Oil and condensate analysis

Data from analysis of oils and condensates can contribute to the effective development and management of petroleum fields. These data also can be essential for equity studies and for environmental or pollution cases. Table 1 provides a quick reference to common questions that can be answered with the use of oil and condensate analyses. However, chemical analysis data, such as provided by gas chromatography, must be integrated with geological, engineering, and wellsite information to make these interpretations (Figure 1).

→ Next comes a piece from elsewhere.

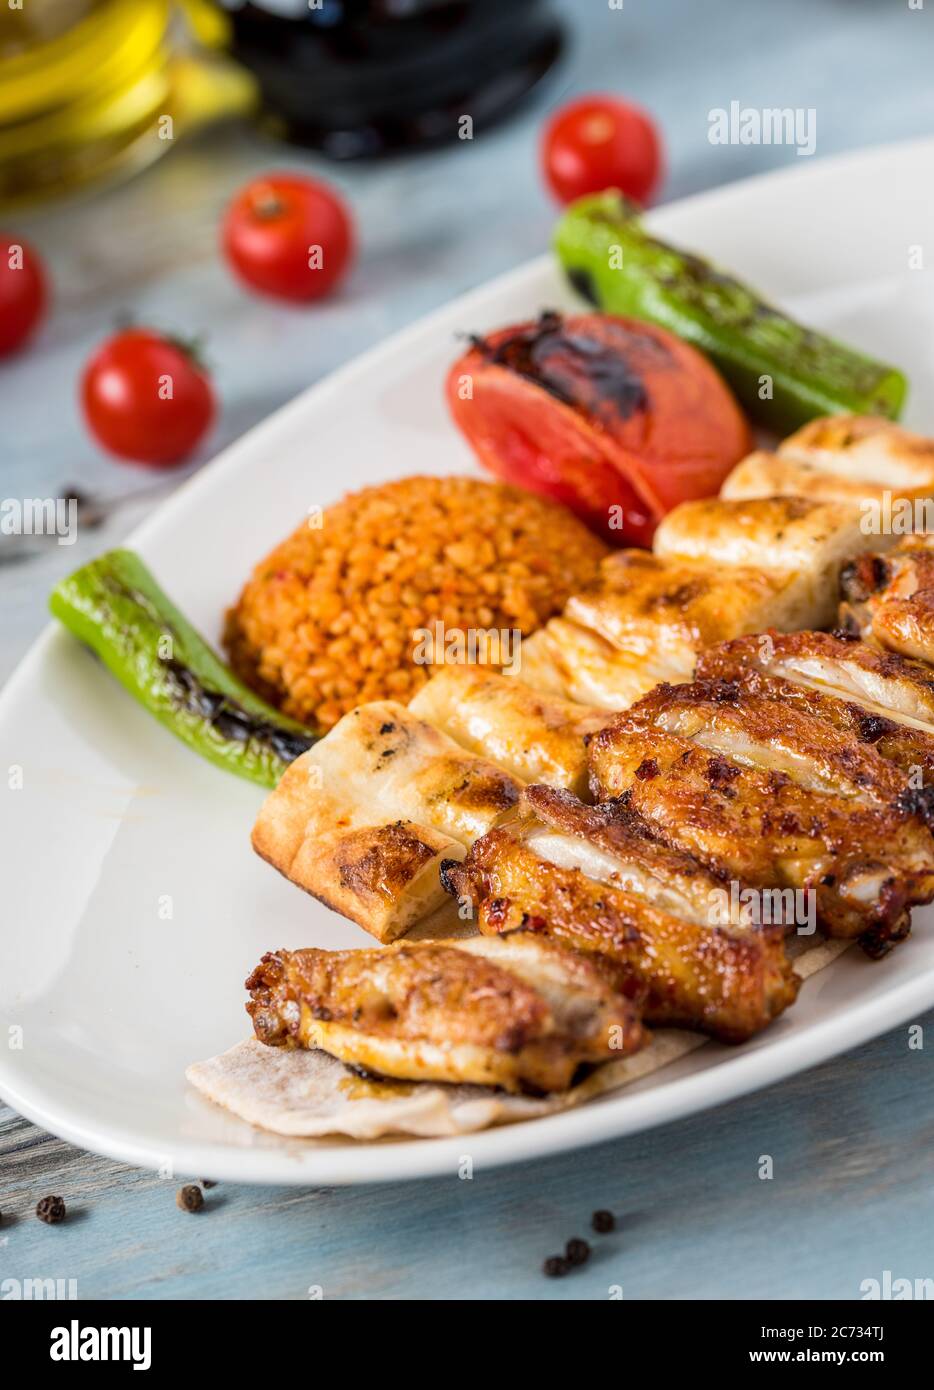 Turkish cuisine chicken wings grill. Grilled chicken wings on wooden background Stock Photo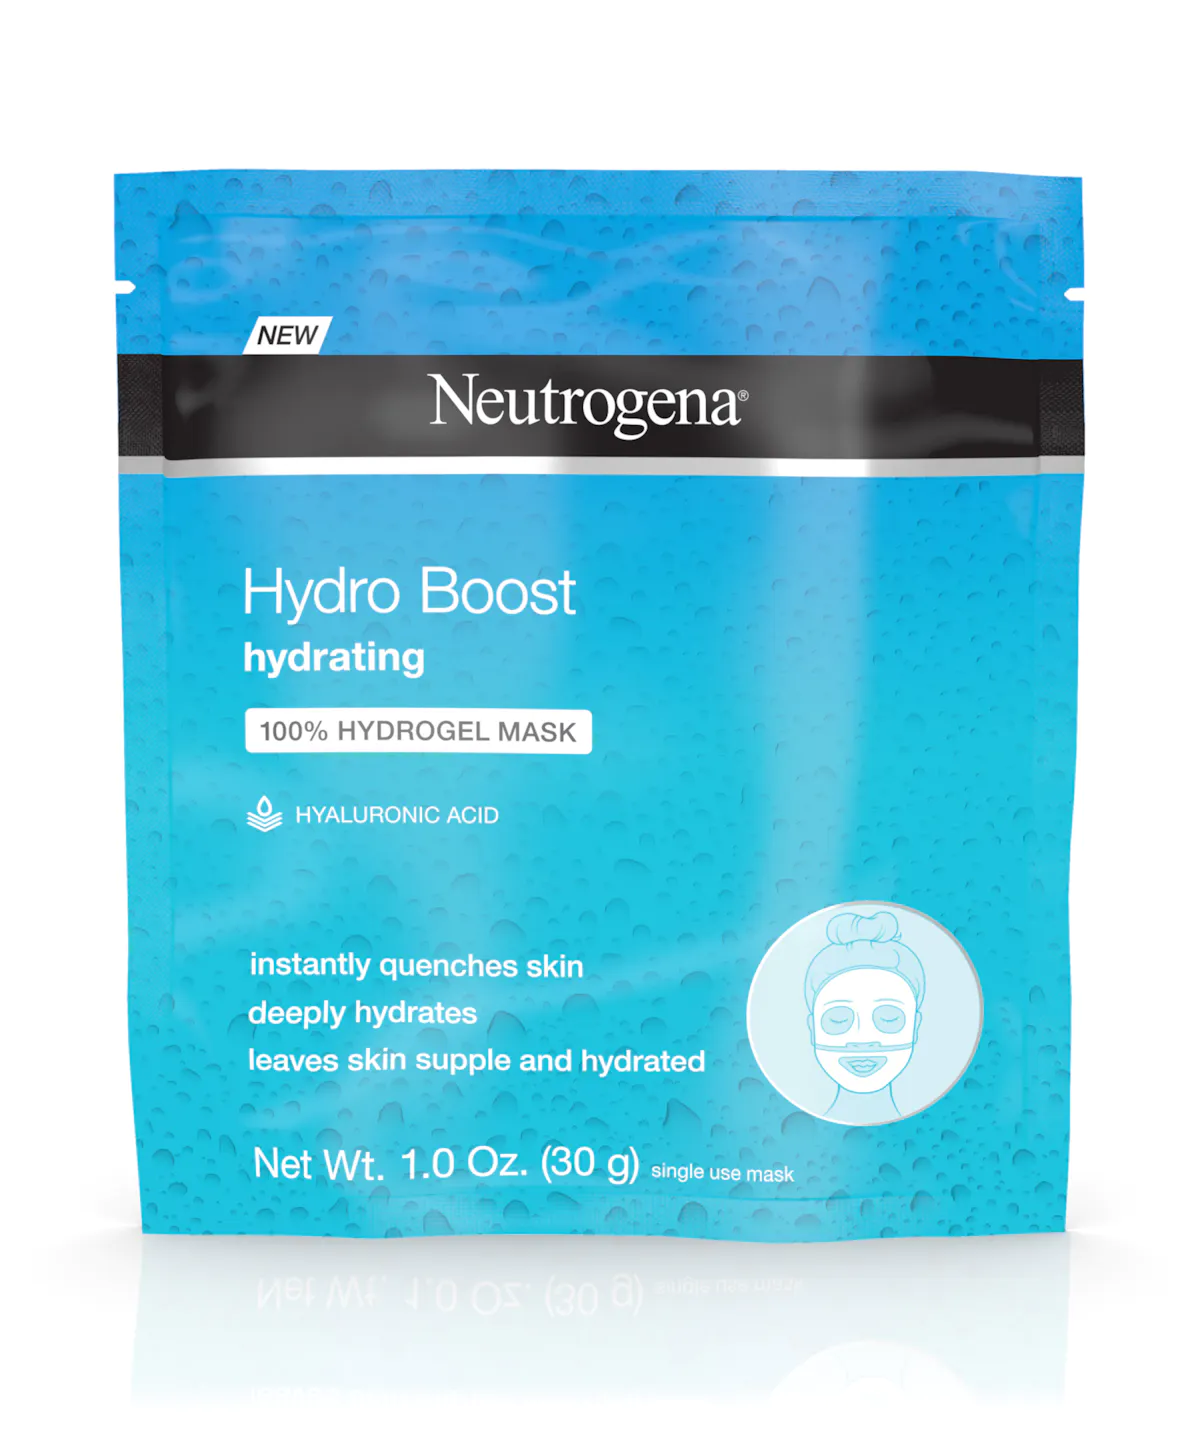 :Neutrogena Hydro Boost Moisturizing & Hydrating 100% Hydrogel Sheet Face Mask for Dry Skin with Hyaluronic Acid, Gentle & Non-Comedogenic, 1 Ounce (Pack of 12),SG_B076H45H68_US

**Table 1** Development geology and engineering questions answered by oil and condensate analyses
Situation	Questions	Analysis
Oil on pits	Drilling additive or contaminant or formation fluid	GC
Oil show in core or cuttings	Oil quality and source	GC, HPLC, and GCMS
Unknown source rock for oil	Expected oil or unexpected oil (new play)	Bulk properties, GC, HPLC, GCMS, and carbon isotopes
Poor production test flow rates	Low viscosity (due to oil source or biodegradation) or high wax paraffinic	Bulk properties, GC, and HPLC
Casing leak	Producing zone oil or new zone	GC and carbon isotopes
Reservoir continuity	Lateral or vertical continuity	GC
Monitor multizone production	Production allocation (well head samples, low cost)	GC
Workover evaluation	New oil (zone) or same oil	GC

Sampling[edit]

Figure 1 Flow diagram showing the basic steps followed in oil-oil correlations using gas chromatography.

The key to useful data depends on proper sampling. Provisions for proper sampling of oils and condensates should be included in all well proposals, tests, completions, and workover programs. The following list gives when to sample wells for oils:

When FTs or DSTs recover oil and/or water
After completion, as soon as stream has cleaned up
When water cut becomes significant
On recompletion, prior to shutting in zone to be abandoned
After recompletion, as soon as stream has cleaned up
When unexplained production changes occur
Prior to abandonment
Any time a specific problem occurs
When sampling nearby or associated wells

Note that when sampling, always sample the following:

All streams or multiple completions
Each stream for both hydrocarbons and water
Streams that may have a bearing on the subject well
Pertinent neighboring wells, if sampling is permitted

The expected character of the petroleum (such as API gravity and gas to oil ratio) and reservoir conditions (such as pressure and temperature) must be considered so that representative samples can be obtained. Changes in pressure and flow rate during well testing can alter petroleum composition and physical properties. In addition, samples of drilling mud, load and kill fluids, drilling additives, and wellsite fuel oils and lubricants should be kept until petroleum analyses are completed. If contamination is discovered or suspected, these samples can be analyzed and compared to recovered “petroleum.”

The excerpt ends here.